If 1) is not significantly better than 2) then maybe it is not carrying much "knowledge", or maybe we simply did not program it correctly.
- tough - 6 hours ago
  
  I think the problem is we train models to pattern match, not to learn or reason about world models
  - singron - 5 hours ago
    
    I think this is clearly a case of over fitting and failure to generalize, which are really well understood concepts. We don't have to philosophize about what pattern matching really means.
  - NBJack - 6 hours ago
    
    In other words, they learn the game, not how to play games.
    
    fsmv - 5 hours ago
    
    They memorize the answers not the process to arrive at answers
    
    EternalFury - 3 hours ago
    
    They learn the value of specific actions in specific contexts based on the rewards they received during their play time. Specific actions and specific contexts are not transferable for various reasons. John quoted that varying frame rates and variable latency between action and effect really confuse the models.
    
    nightpool - 3 hours ago
    
    Okay, so fuzz the frame rate and latency? That feels very easy to fix.
    
    wredcoll - 16 minutes ago
    
    Good point, you should write to John Carmack and let him know you've figured out the problem.
    
    IshKebab - 5 hours ago
    
    This has been disproven so many times... They clearly do both. You can trivially prove this yourself.
    
    0xWTF - 5 hours ago
    
    > You can trivially prove this yourself.
    Given the long list of dead philosophers of mind, if you have a trivial proof, would you mind providing a link?
    
    pdabbadabba - 4 hours ago
    
    It’s really easy: go to Claude and ask it a novel question.
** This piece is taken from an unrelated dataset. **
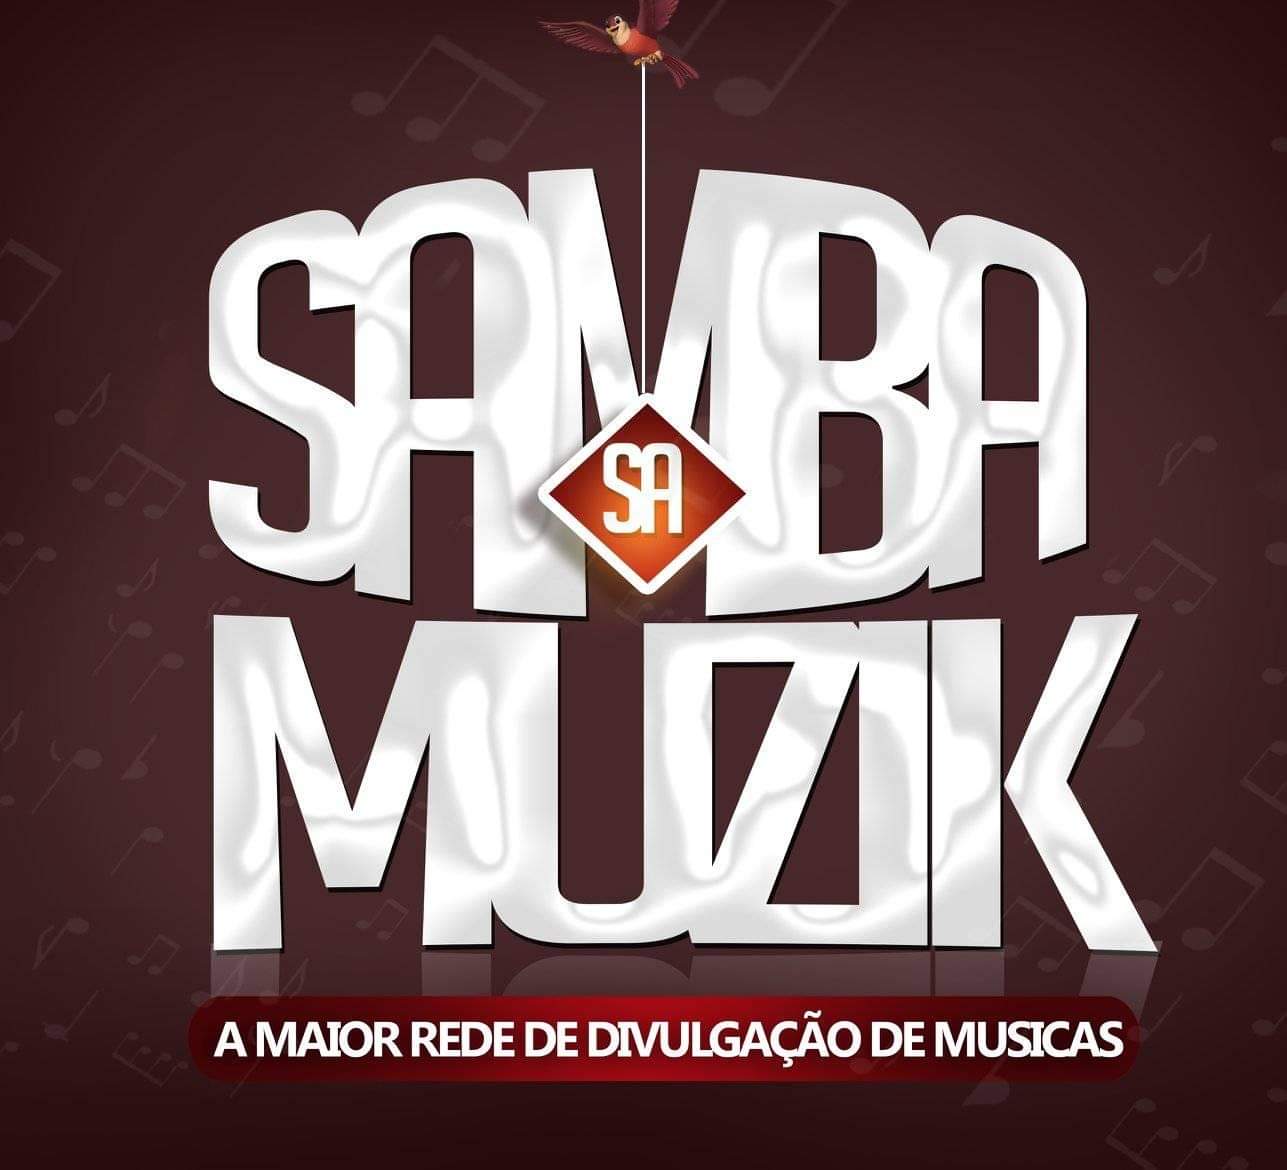 Afro House Sul Africano 2020 Download Mp3 Baixar Musica Baixar Musica De Samba Sa Muzik Musica Nova Kizomba Zouk Afro House Semba
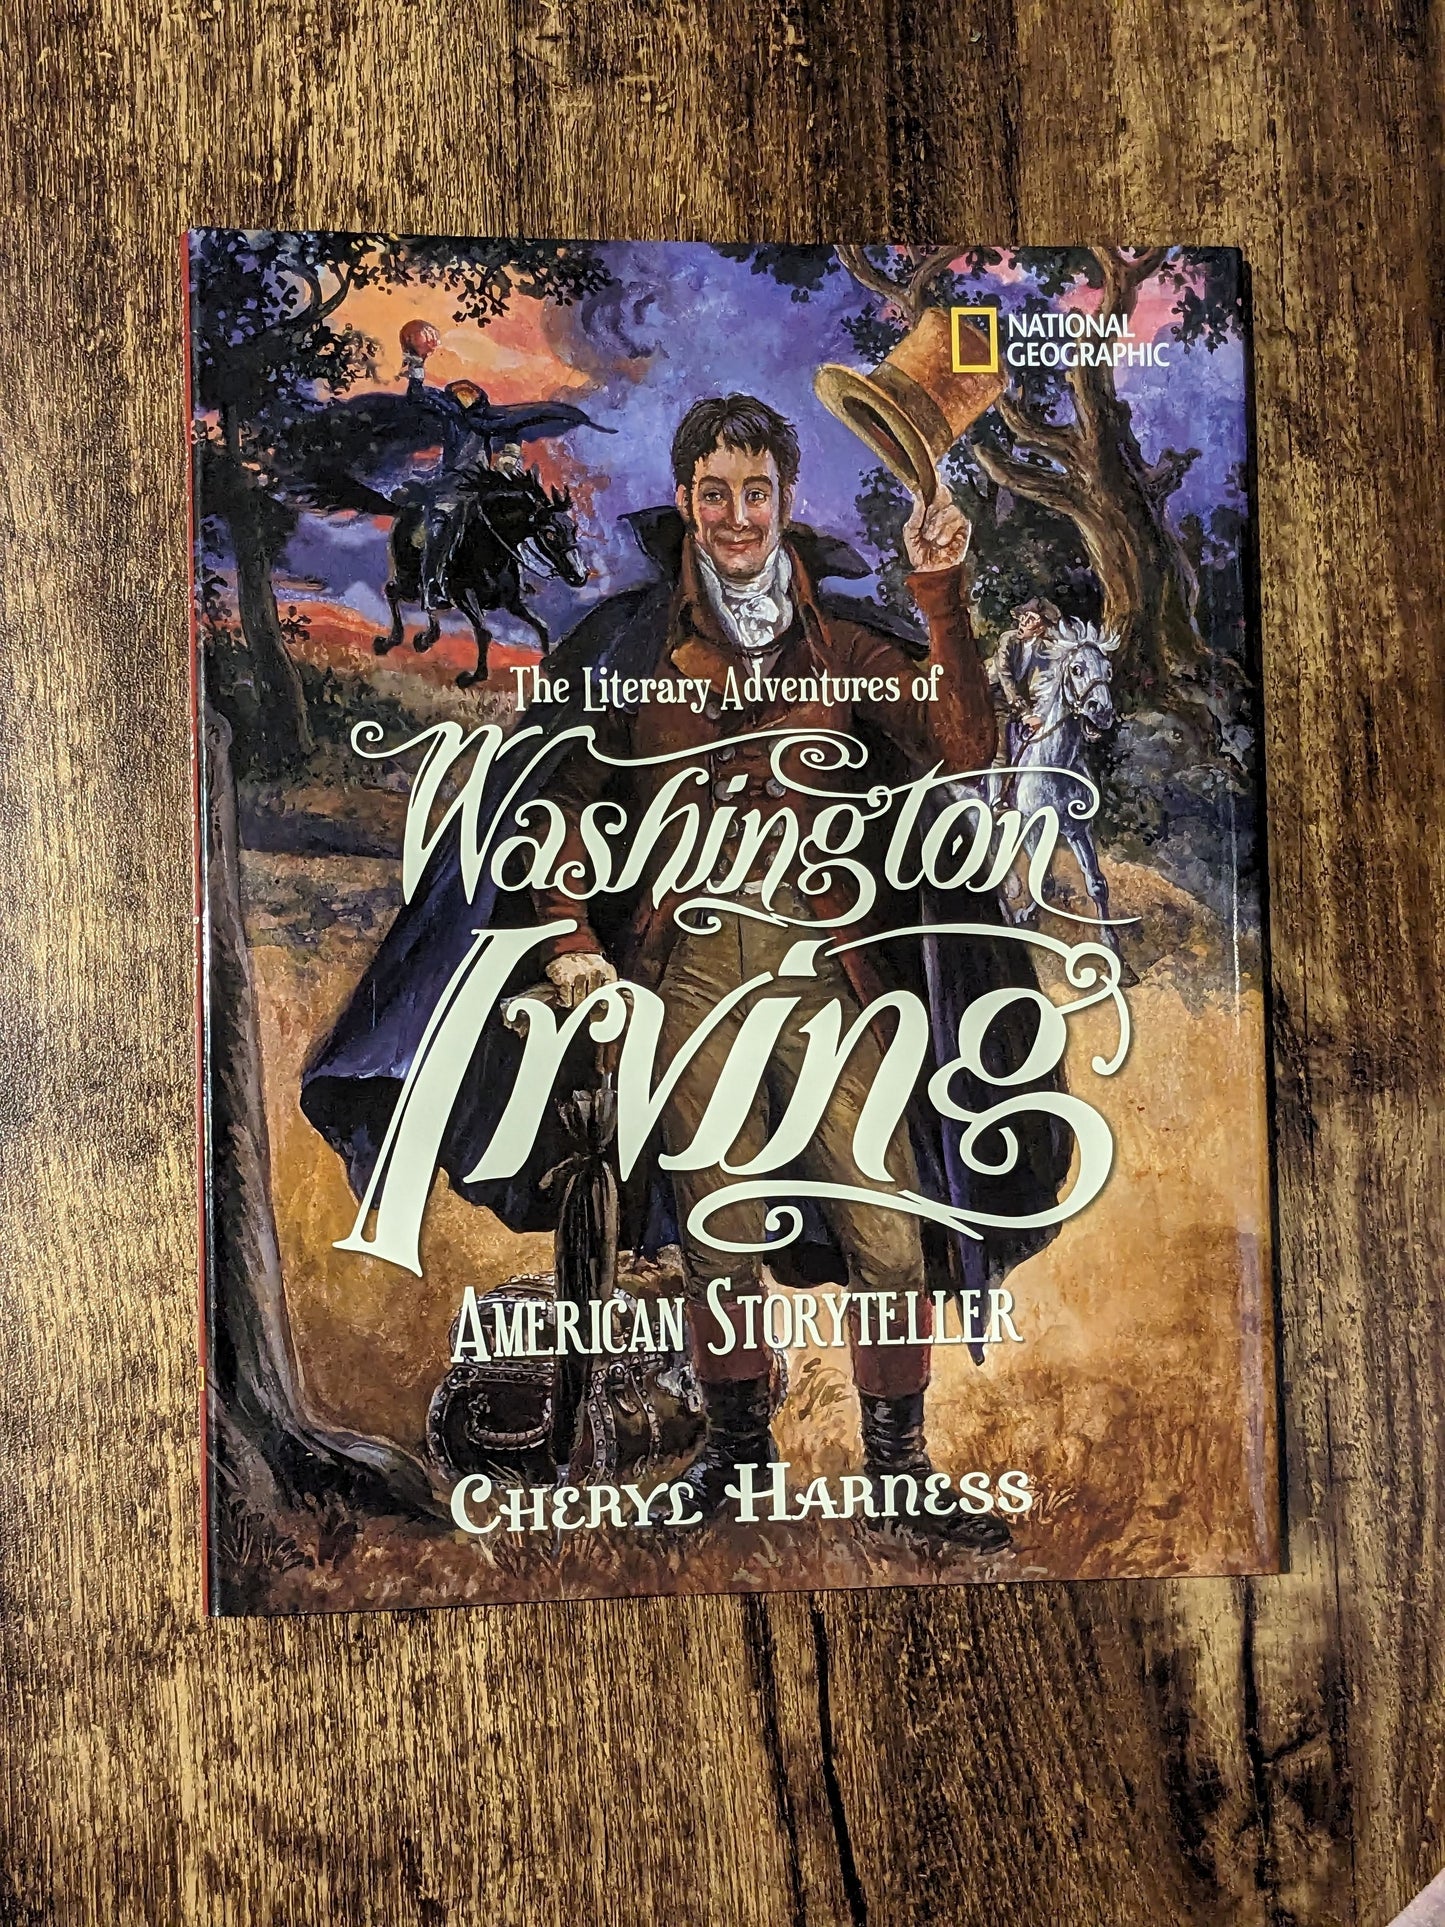 Literary Adventures of Washington Irving: American Storyteller, The (Hardcover) by Cheryl Harness - Asylum Books

It will generally reason its way to a perfectly good answer even if there is no direct example of it in the training data.
    
    keerthiko - 3 hours ago
    
    When LLM's come up with answers to questions that aren't directly exampled in the training data, that's not proof at all that it reasoned its way there — it can very much still be pattern matching without insight from the actual code execution of the answer generation.
    If we were taking a walk and you asked me for an explanation for a mathematical concept I have not actually studied, I am fully capable of hazarding a casual guess based on the other topics I have studied within seconds. This is the default approach of an LLM, except with much greater breadth and recall of studied topics than I, as a human, have.
    This would be very different than if we sat down at a library and I applied the various concepts and theorems I already knew to make inferences, built upon them, and then derived an understanding based on reasoning of the steps I took (often after backtracking from several reasoning dead ends) before providing the explanation.
    If you ask an LLM to explain their reasoning, it's unclear whether it just guessed the explanation and reasoning too, or if that was actually the set of steps it took to get to the first answer they gave you. This is why LLMs are able to correct themselves after claiming strawberry has 2 rs, but when providing (guessing again) their explanations they make more "relevant" guesses.